Military insignia and/or badges had been removed from clothing, military gear replaced by civilian clothing. No weapons were in sight. The hoax was on. William Walker was first on the scene and believed what he saw and was told. The international press relayed his outrage to the world.

Forensic evidence showed - as the Finnish team has since confirmed - that most of the 45 Racak dead had been shot at long range, not execution-style. Corpses tested positive with residue of gunpowder on their hands, indicating they had been firing weapons. No ammunition or shell casings were found near the bodies, where they had supposedly been massacred, nor were there pools of blood.


Bodies Moved

Pathologists also found the 45 dead men had all been shot in different parts of the body, from different directions, indicating a battle somewhere else, the dead dumped together for effect.

Until recently, no one was interested in the truth. "Whether or not it´s a massacre, nobody wants to know any more," wrote Austria´s Die Welt newspaper. Autopsy findings were delayed while the thirst for war echoed in the halls of allied power.

The German newspaper Berliner Zeitung got access to the Finnish forensic findings, and sent a team of reporters to investigate and concluded: "In all probability, there was no Racak massacre at all ... "

French journalist Renaud Girard of Le Figaro was in Racak and was puzzled that reports failed to mention it was a "fortified village with a lot of trenches" - a KLA stronghold. Although he wrote an initial massacre story, he later had doubts: "I felt something was wrong."

Christophe Chatelet of Le Monde was in Racak the day of the Serb attack, and found one dead and four wounded when he left at dusk. The next day the KLA showed bodies from a massacre that hadn´t been there before. "I can´t solve that mystery," he said. (At the time, KLA commander-in-chief Hashim Thaci told the BBC: "We had a key unit in the region and had a fierce fight. Regrettably, we had many casualties, but so did the Serbs.")

Further investigation shows that two TV journalists for Associated Press and two teams of OSCE observers also saw the fight for Racak from a hill, entered when Serb security forces did and left when they left. The AP crew filmed a deserted village. It was overnight that the KLA returned and gathered their dead from the fighting. Next day, Walker told the world how adults and children had been "executed," some as they tried to flee. CNN reporter Christiane Amanpour, wife of U.S. State Department spokesman James Rubin, showed little skepticism in reporting on the "massacre of civilians."


Read it all.

There is a reason why Milosevic's trial faded from public view and wasn't brought to light until his death:

Milosevic's death probably marks only the second or third time most people have heard anything about the so-called "Second Nuremberg" trial in the four years it has been proceeding. That's because it wasn't going too well - for the prosecution, which Milosevic embarrassed on a daily basis. Journalists were snickering at the prosecution's flimsy evidence and flaccid performance. That’s right: journalists--those people who built their careers in the 1990s as co-belligerents against the Serbs in the Balkan wars.

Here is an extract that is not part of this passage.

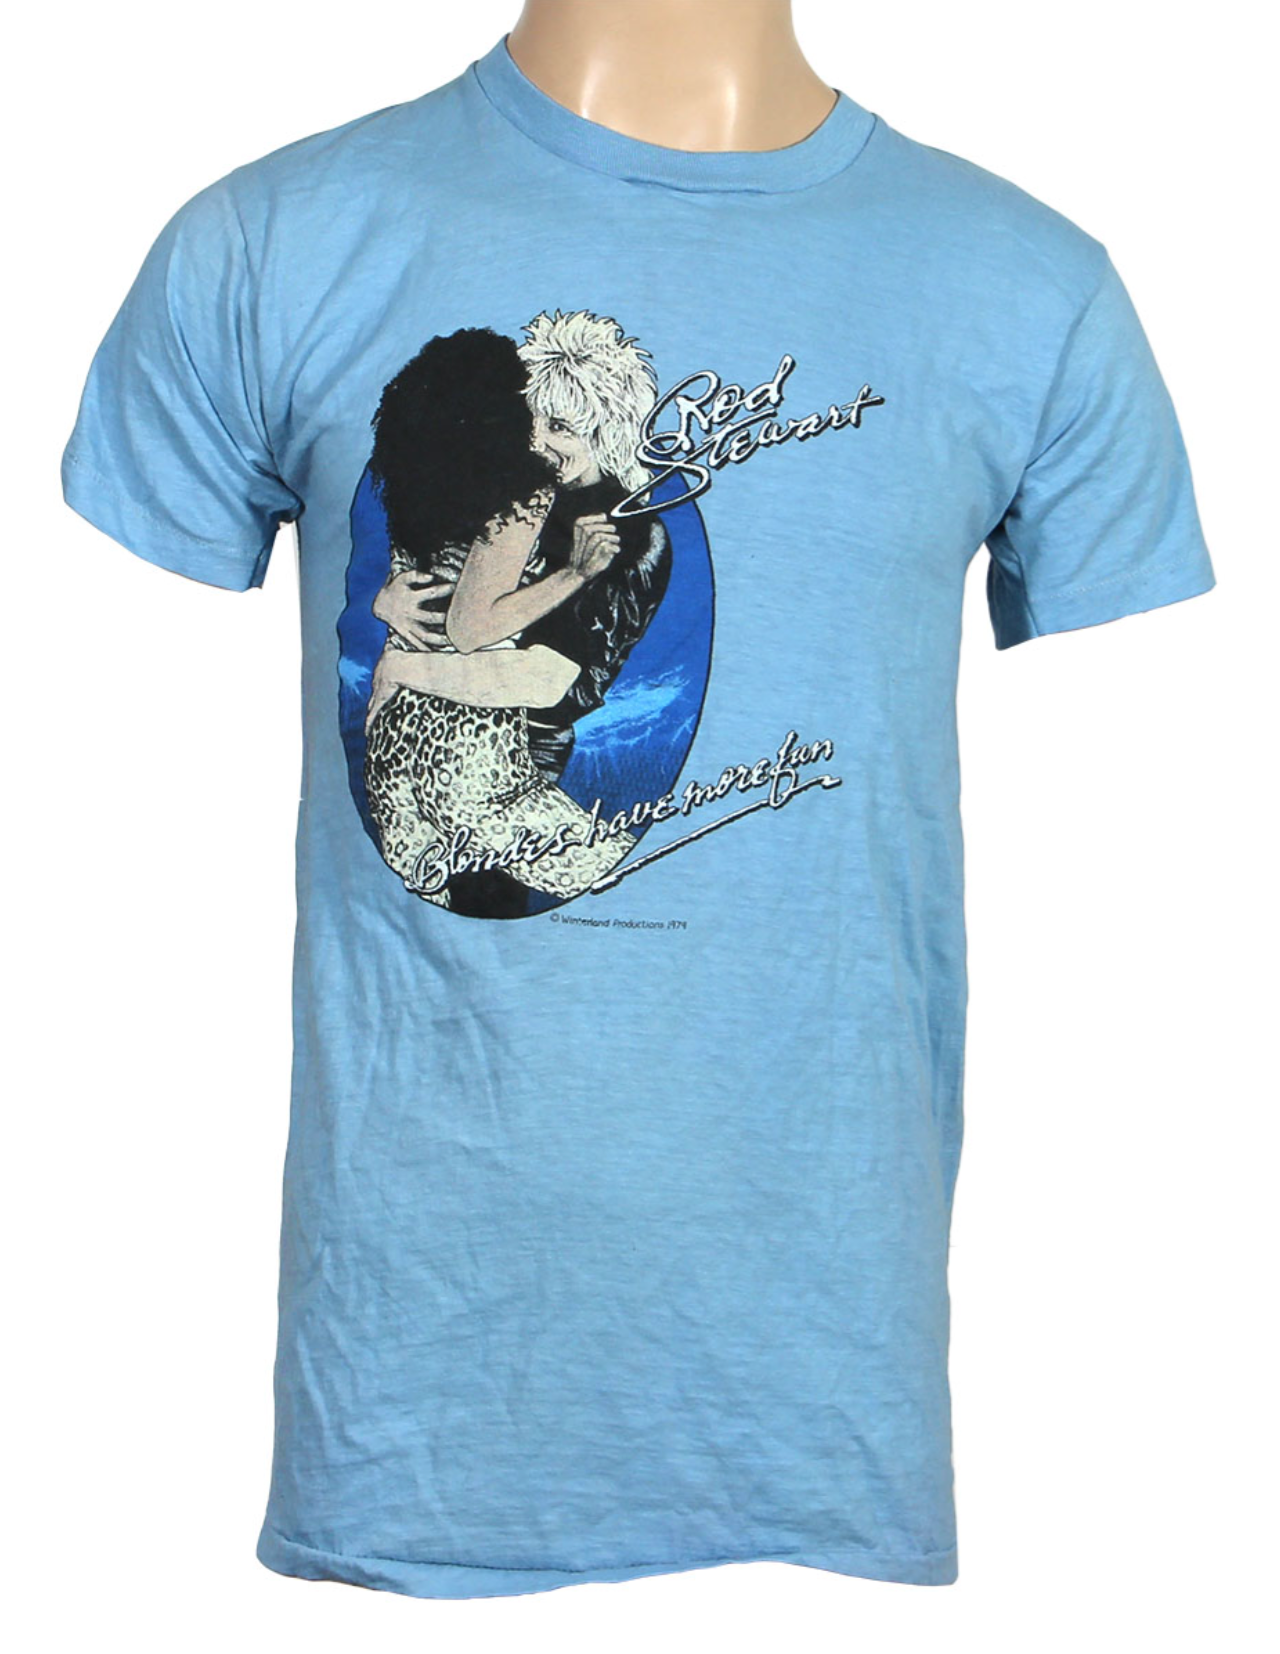 Stewart, Rod. (b. 1945)  "Blondes Have More Fun" – 1979 Concert T-Shirt

Though Milosevic's conviction was a foregone conclusion (we wouldn't want any more rampaging Muslims than there already are in Europe), he was creaming the Court (the Court and the prosecution are essentially one) to such a degree that six months ago prosecutor Geoffrey Nice admitted (transcript) that he was no longer sure what, exactly, the case against the former strongman was. Why four years to try someone who was the undisputed "Butcher of Belgrade"? The answer is that there's been an unintended benefit to the otherwise bad idea of an international court: the historical record was being set straight. 


Read the rest.
In the Muslim world, "Peace" is not the cessation of war, it is the elimination of enemies. In this case, Muslims convinced their enemies to do the job for them. We better wake to the fact were, and continue to be, manipulated by Muslims. Our suvival depends to a fast education and realization that our enemy has had centuries to develop and perfect strategies of deception.